At present, most image retrieval systems are based on low-level visual features (such as color and texture), and the retrieval process is computer-centric, which makes its retrieval performance unsatisfactory. This is mainly due to the gap between low-level visual features and high-level semantic concepts. In addition, the standards of judging the similarity between images by human and computer image retrieval systems are very different. To solve these problems, a CBIR method based on relevance feedback (RF) is proposed. This method embeds the user model in the retrieval system and establishes a correlation between the low-level features of the image and its high-level semantics via human-computer interaction, thereby reducing the semantic gap and achieving a high retrieval accuracy [14, 15]. However, RF’s unique complex human-computer interaction interface increases the burden on users. In each feedback, the user must indicate which images are related and score the degree of correlation between these images and the query image. In some cases, the user will be confused and face difficulty in giving an appropriate judgment [16]. Therefore, some scholars have proposed the pseudo-relevance feedback (PRF) technique, which is also called local feedback or blind feedback. The main idea is to improve the retrieval performance of a system by extending the query on the basis of a reasonable assumption that some documents ranked at the top are assumed to be related to the query documents and related documents are selected automatically. The strategies of selecting positive examples and the query expansion method are the key issues in applying the virtual relevance feedback technology [15,16,17]. Based on the above research, this paper proposes a method for image retrieval self-feedback based on fuzzy clustering and the virtual relevance feedback technology. This method is mainly based on the similarity measure between the image content features; it applies the fuzzy clustering algorithm to automatically expand the query image features without user intervention and to improve the search performance.
Related technologies
Content-based relevance feedback retrieval is a process of gradual refinement. The basic idea is that the user is allowed to evaluate and mark the retrieval results in the search process, indicating which of the results are related to the query image and which are irrelevant, i.e., “feedback positive examples” and “feedback negative examples.” The system receives the user feedback on the current retrieval results and then automatically adjusts the query based on the feedback information. Finally, the optimized query is used to recalculate the retrieval results. In this way, the system and user gradually make the retrieval result to move toward the direction of the user’s expectation through the interaction and to finally reach the user’s request.
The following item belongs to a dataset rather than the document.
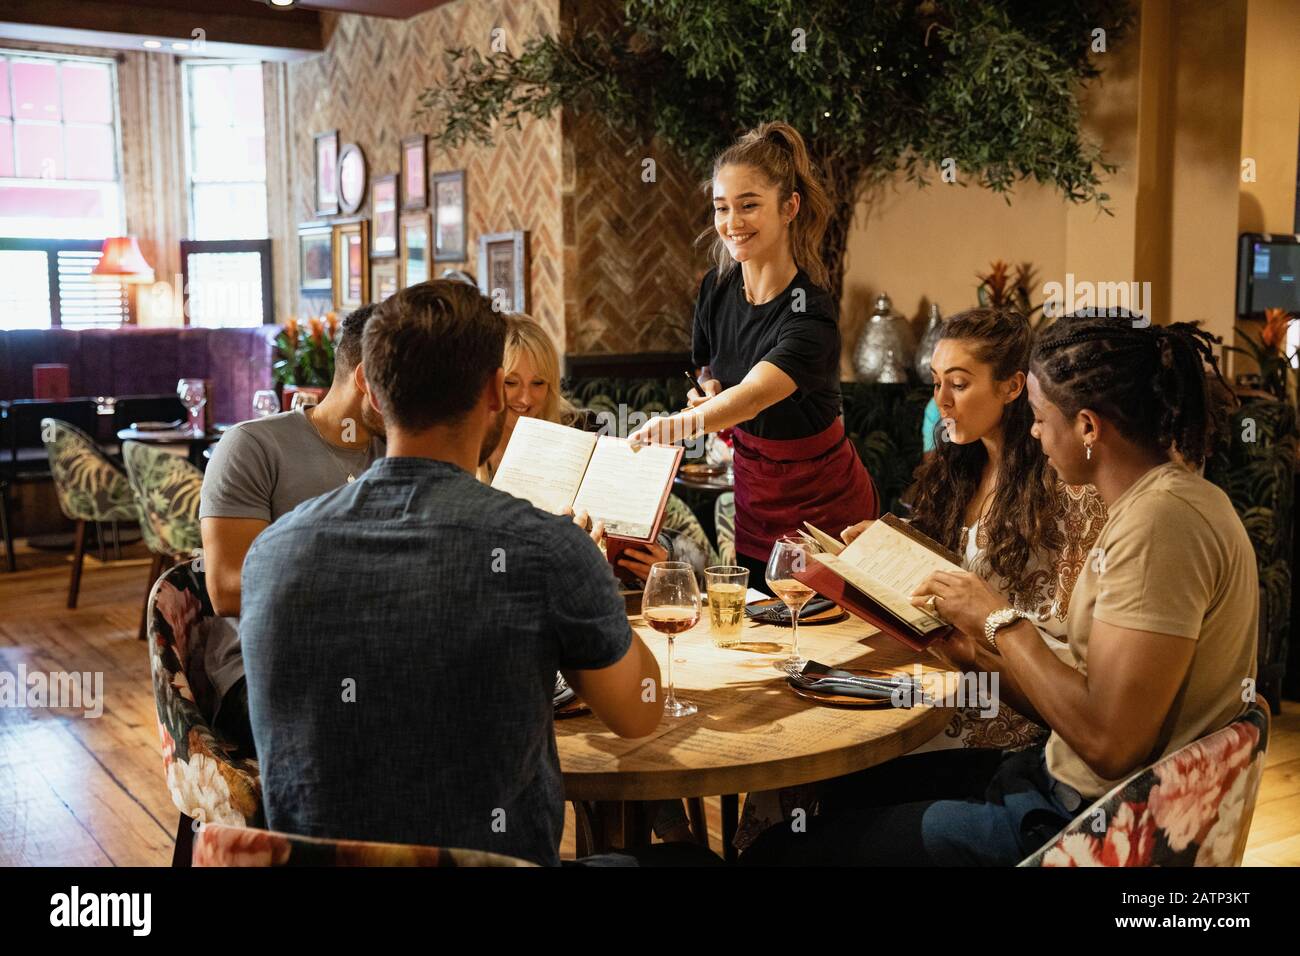 Un grupo multiétnico de amigos que miran los menús juntos en un restaurante, que les ha sido dado por una camarera. Foto de stock

At present, the vector model is often used in image retrieval. That is, the image is represented in the vector form in the feature space; hence, the essence of image retrieval is to find the images corresponding to those closest to the query vector in the feature space. From the viewpoint of the vector model, the correlation feedback techniques can be divided into two categories: the point moving algorithm based on the query vector and the feature weight adjusting algorithm. These correlation feedback methods are based on the premise that the image visual features can completely describe the image semantics. Under this assumption, the user’s retrieval target can be described by a global distribution function. That is, similar images in the feature space are clustered around the central point. Therefore, the retrieval effect can be improved by moving the query points and modifying the distance measurement functions.
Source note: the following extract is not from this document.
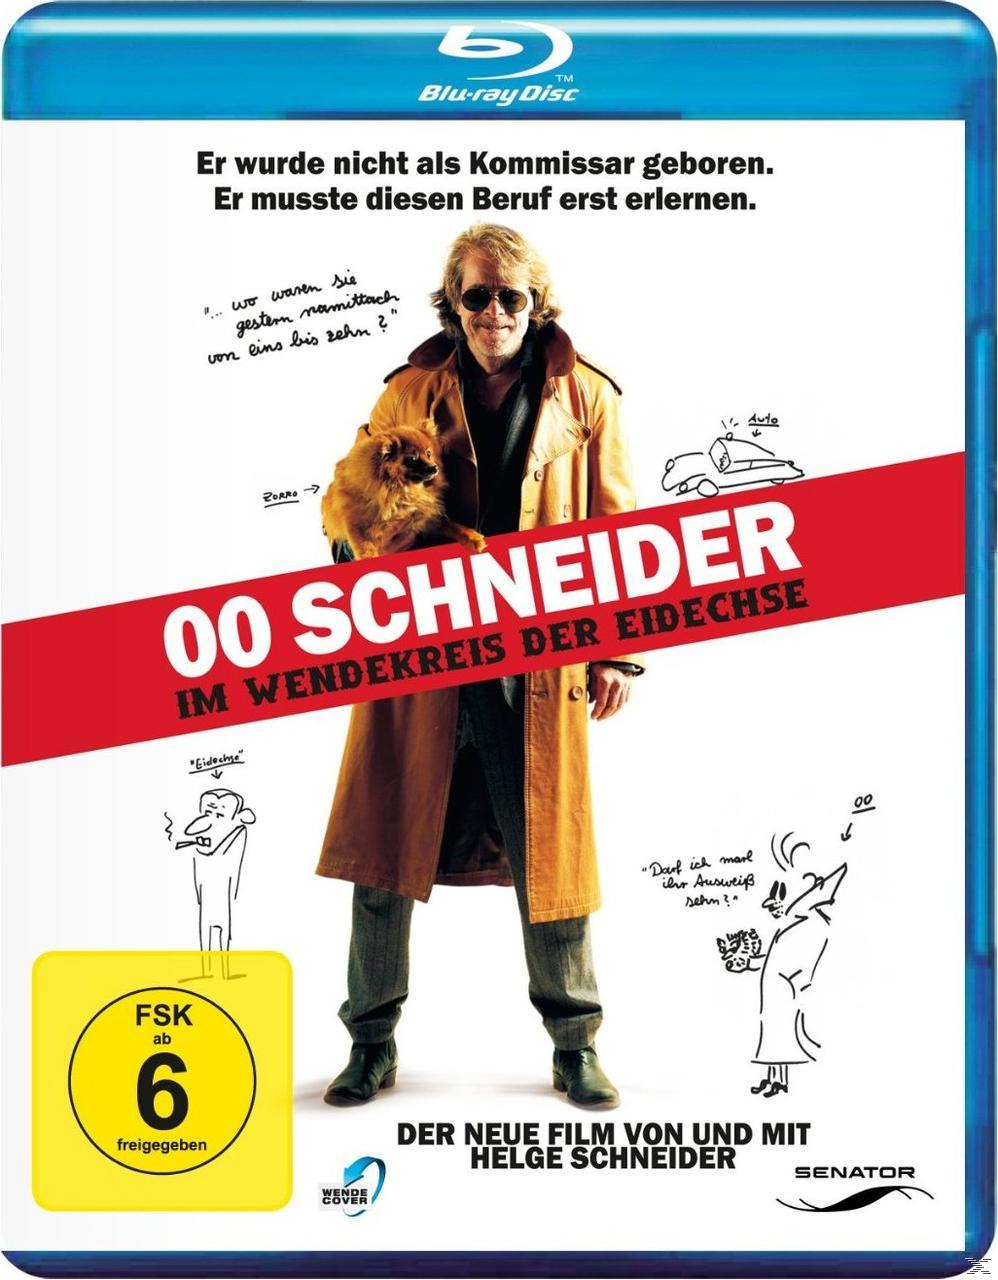 Wendekreis Blu-ray im der Eidechse - Schneider

In practical applications, however, there are significant differences between the low-level features of images in the same category due to the diversity of semantically similar images. For example, the elephant class in the Corel image library includes elephants with different postures (e.g., standing and lying) and in different environments (e.g., forest, grassland, and water edge), as shown in Fig. 2. In terms of low-level features, the assumption that semantically similar images cluster around the central point in the feature space is not always true. As shown in Fig. 3, where the dot Q represents the query image, the solid dot represents the retrieval target, the hollow dot denotes irrelevant images, and L(Q) indicates the distribution of the user’s retrieval targets; clearly, the distribution does not have an ideal global distribution center. It is difficult to describe it with some kind of canonical geometry. In this case, if the query image is taken as the center in the feature space and the image in the hypersphere with a constant radius is returned as the retrieval result, it is obvious that some of the related images will be missed, while some uncorrelated images will be misdirected. However, as shown in Fig. 4, when L(Q) is divided into three sub-clusters, each cluster is uniformly distributed. The model can reflect the distribution of the correlated images in the feature space well; it also overcomes the shortcomings of the previous correlation feedback methods, which assume that semantically similar images cluster around the central point in the feature space, so it is helpful in finding more correlated images [15].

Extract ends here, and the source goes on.